Compte tenu de l’état de ces cultures, le département de l’agriculture s’attend à une bonne production voire des rendements records, notamment pour la betterave à sucre du périmètre de Tadla et du Gharb. Pour ce qui est des assolements des cultures semées au printemps en grande partie dans les zones irriguées, le ministère assure qu’ils sont réalisés dans de bonnes conditions et permettront une bonne production. Il est à indiquer que toutes les dispositions sont prises pour les assolements des cultures d’été dont la production est mise en marché pendant la période de septembre à décembre, coïncidant avec le commencement de la nouvelle année agricole.

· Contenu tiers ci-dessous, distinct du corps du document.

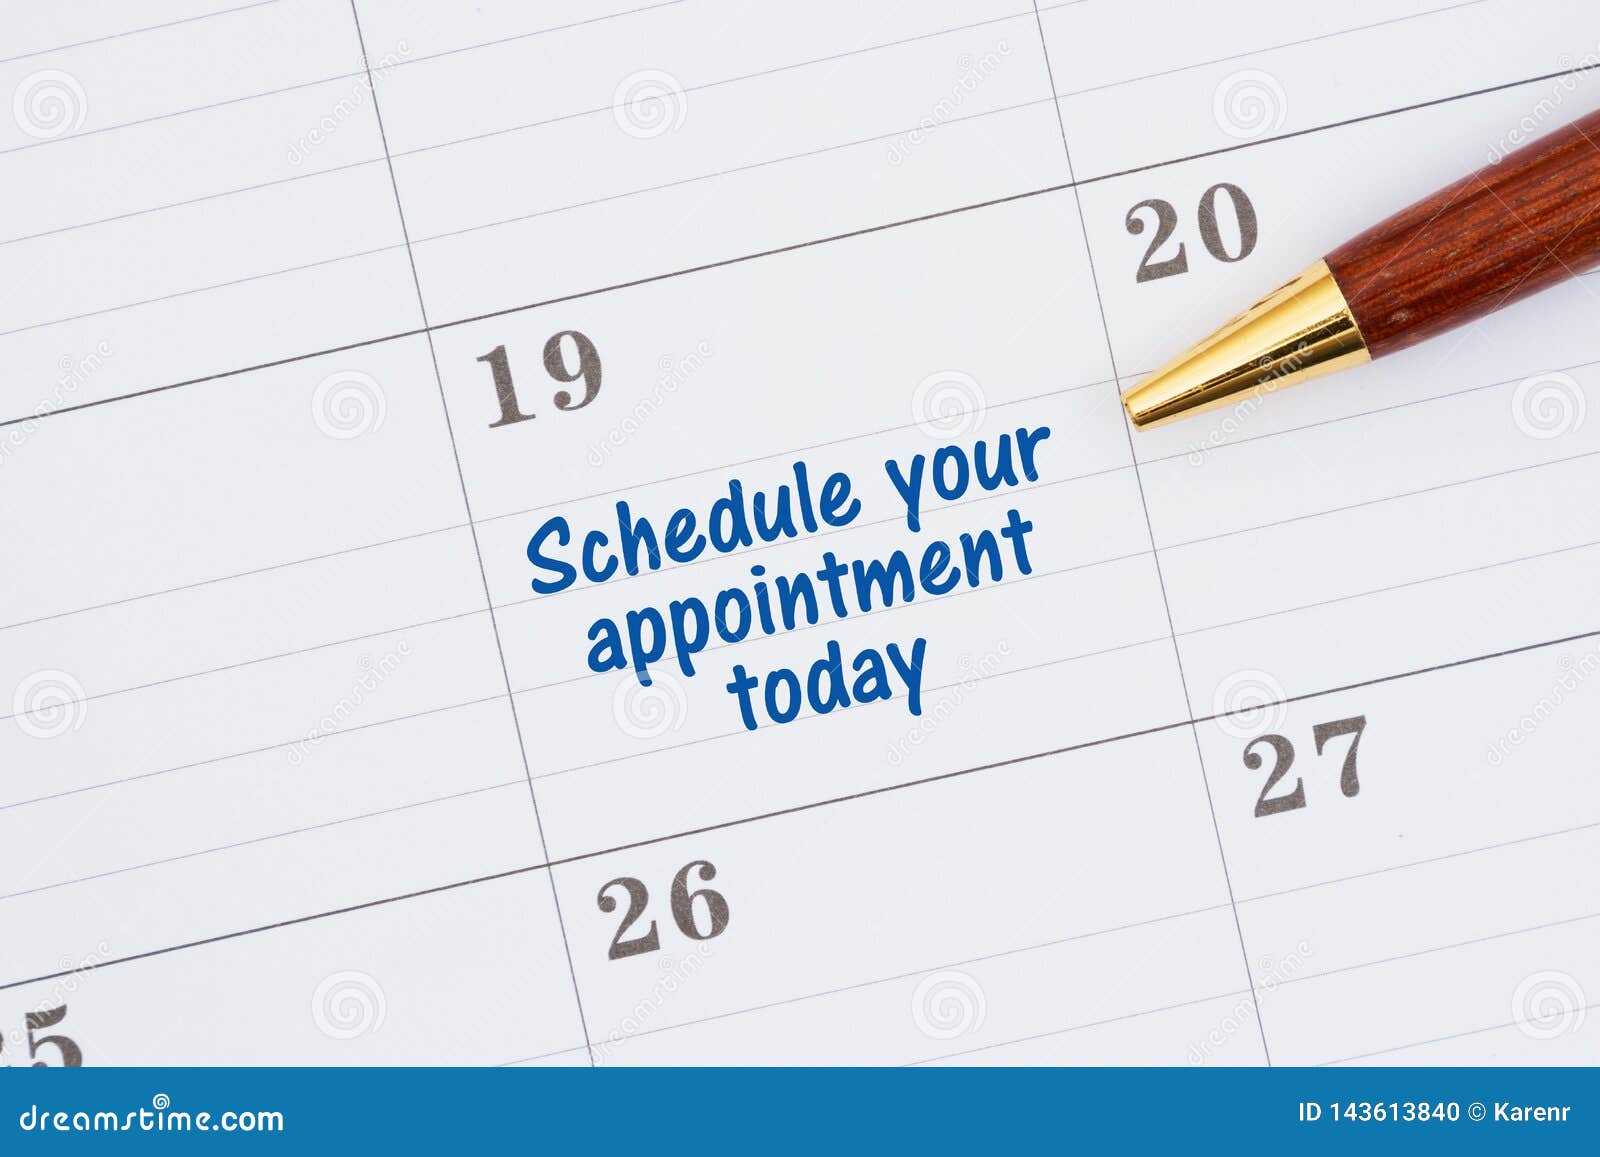 scheduling your appointment today on a monthly calendar

S’agissant des estimations prévisionnelles de la céréaliculture, le ministère anticipe une production de 30 millions de quintaux des trois céréales principales, soit en repli de 42% comparé à la campagne précédente. La production estimée est issue d’une superficie céréalière semée au titre de cette campagne de 4,3 millions hectares dont 2 millions d’hectares complètement perdus en termes de production céréalière en bour. Une partie a été reconvertie en fourrage pour les animaux dans certaines zones.
Par espèce, la production céréalière prévisionnelle est constituée de 16,5 millions quintaux de blé tendre, de 7,5 millions quintaux de blé dur et de 5,8 millions quintaux d’orge. Malgré la baisse de production, l’approvisionnement du marché en céréales demeure régulier couvrant plus de 4,5 mois. Le stock est, en effet, renouvelé en permanence à travers les différentes mesures prises à ce niveau afin de maintenir une régularité dans les disponibilités de céréales sur le marché national.

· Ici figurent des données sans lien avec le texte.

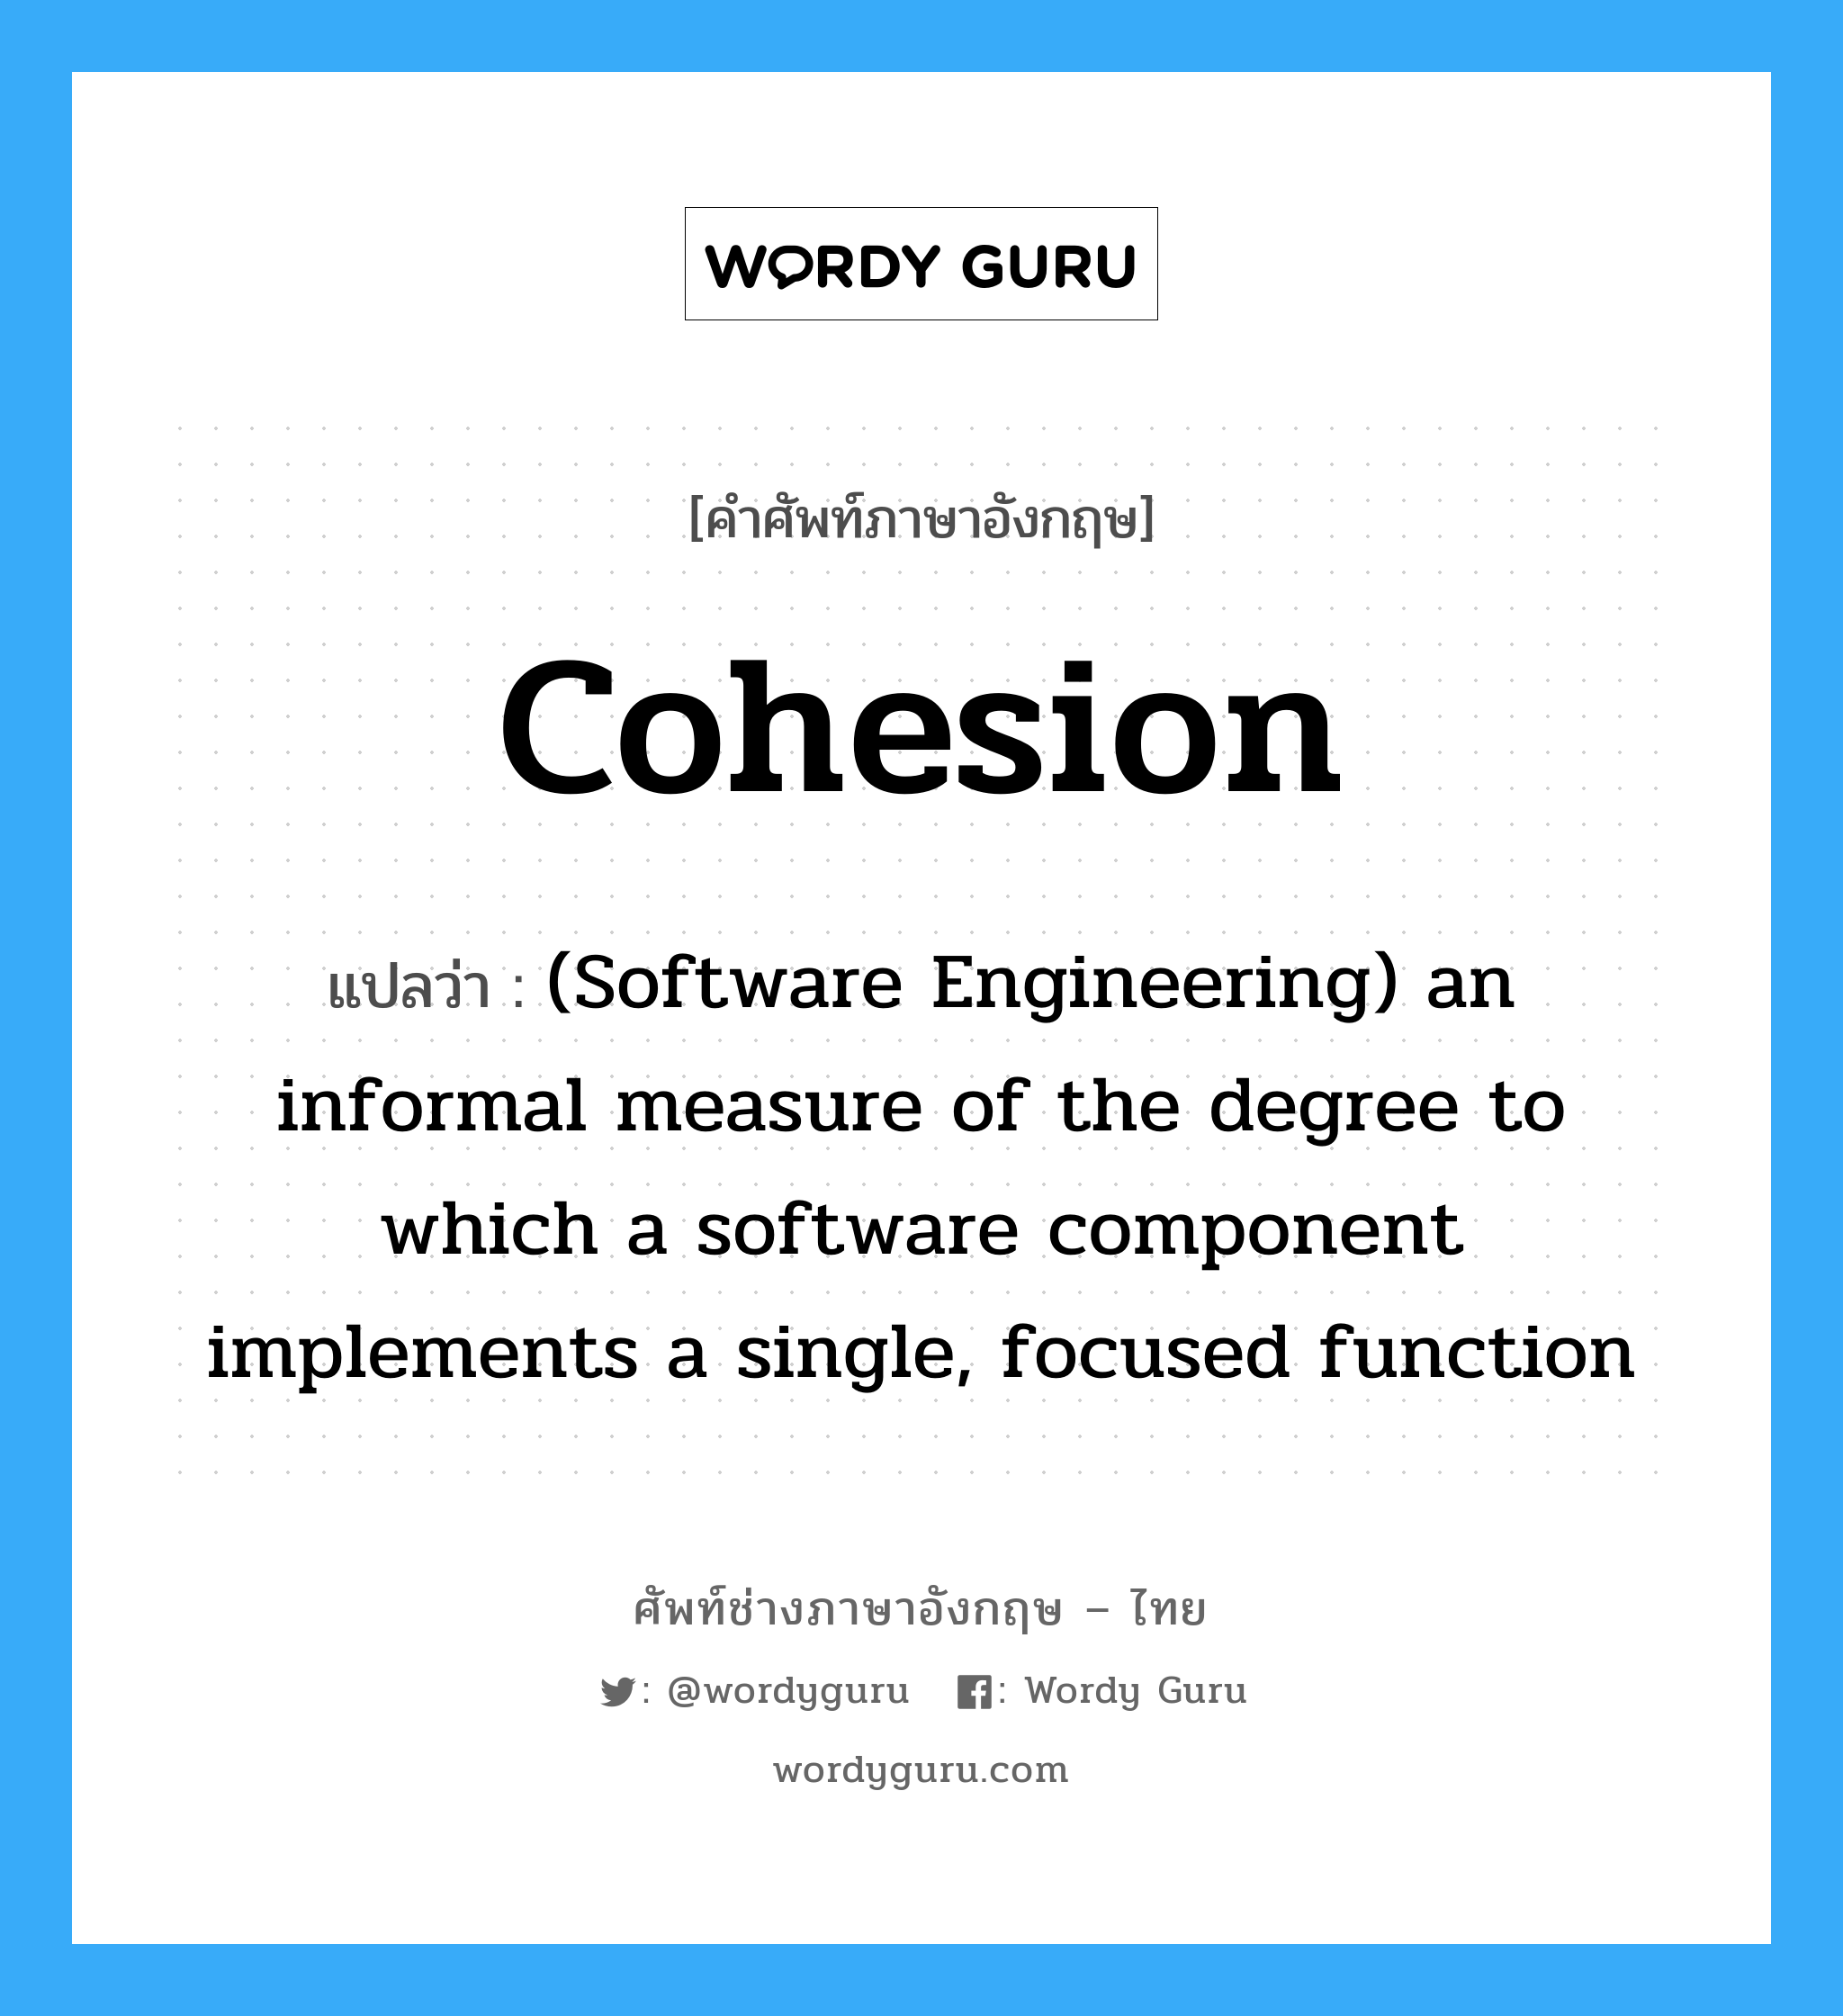 Cohesion แปลว่า?, คำศัพท์ช่างภาษาอังกฤษ - ไทย Cohesion คำศัพท์ภาษาอังกฤษ Cohesion แปลว่า (Software Engineering) an informal measure of the degree to which a software component implements a single, focused function

Amélioration notable de la production en ressources pastorales

Pour pallier le déficit pluviométrique, le département de l’agriculture a fait une approche anticipative visant à réduire l’impact engendré par le retard des pluies. Le programme de sauvegarde du cheptel lancé dans ce sens ainsi que les dernières pluies ont contribué à l’amélioration de la situation des ressources fourragères des parcours et ce dans plusieurs régions du Royaume.

La tutelle observe, également, une amélioration grandissante de la production en ressources pastorales dans plusieurs régions. La situation évoluerait positivement, si l’on tient compte des prévisions pluviométriques favorables. Sur le plan sanitaire, les programmes de vaccination se poursuivent tel que programmé et le suivi des services de l’ONSSA fait état d’un bon état sanitaire du cheptel. Pour rappel, la campagne a connu de faibles précipitations à tous les stades de développement des céréales. Elle a été, également, caractérisée par de longues périodes sèches (près de 40 jours) pendant les périodes de tallage et de montaison. Le déficit pluviométrique a touché toutes les régions céréalières à un degré plus ou moins important.

Dans la Chaouia et le Haouz, ce déficit a été de 50% en moyenne. Il s’est situé, en revanche, entre 30 et 45% dans le Saïss, le pré-Rif et le Nord avec un niveau de précipitation relativement favorable pour la croissance et le développement des céréales. Ainsi, la campagne agricole a été moyenne dans le Saïss et le Gharb et faible dans le reste des régions.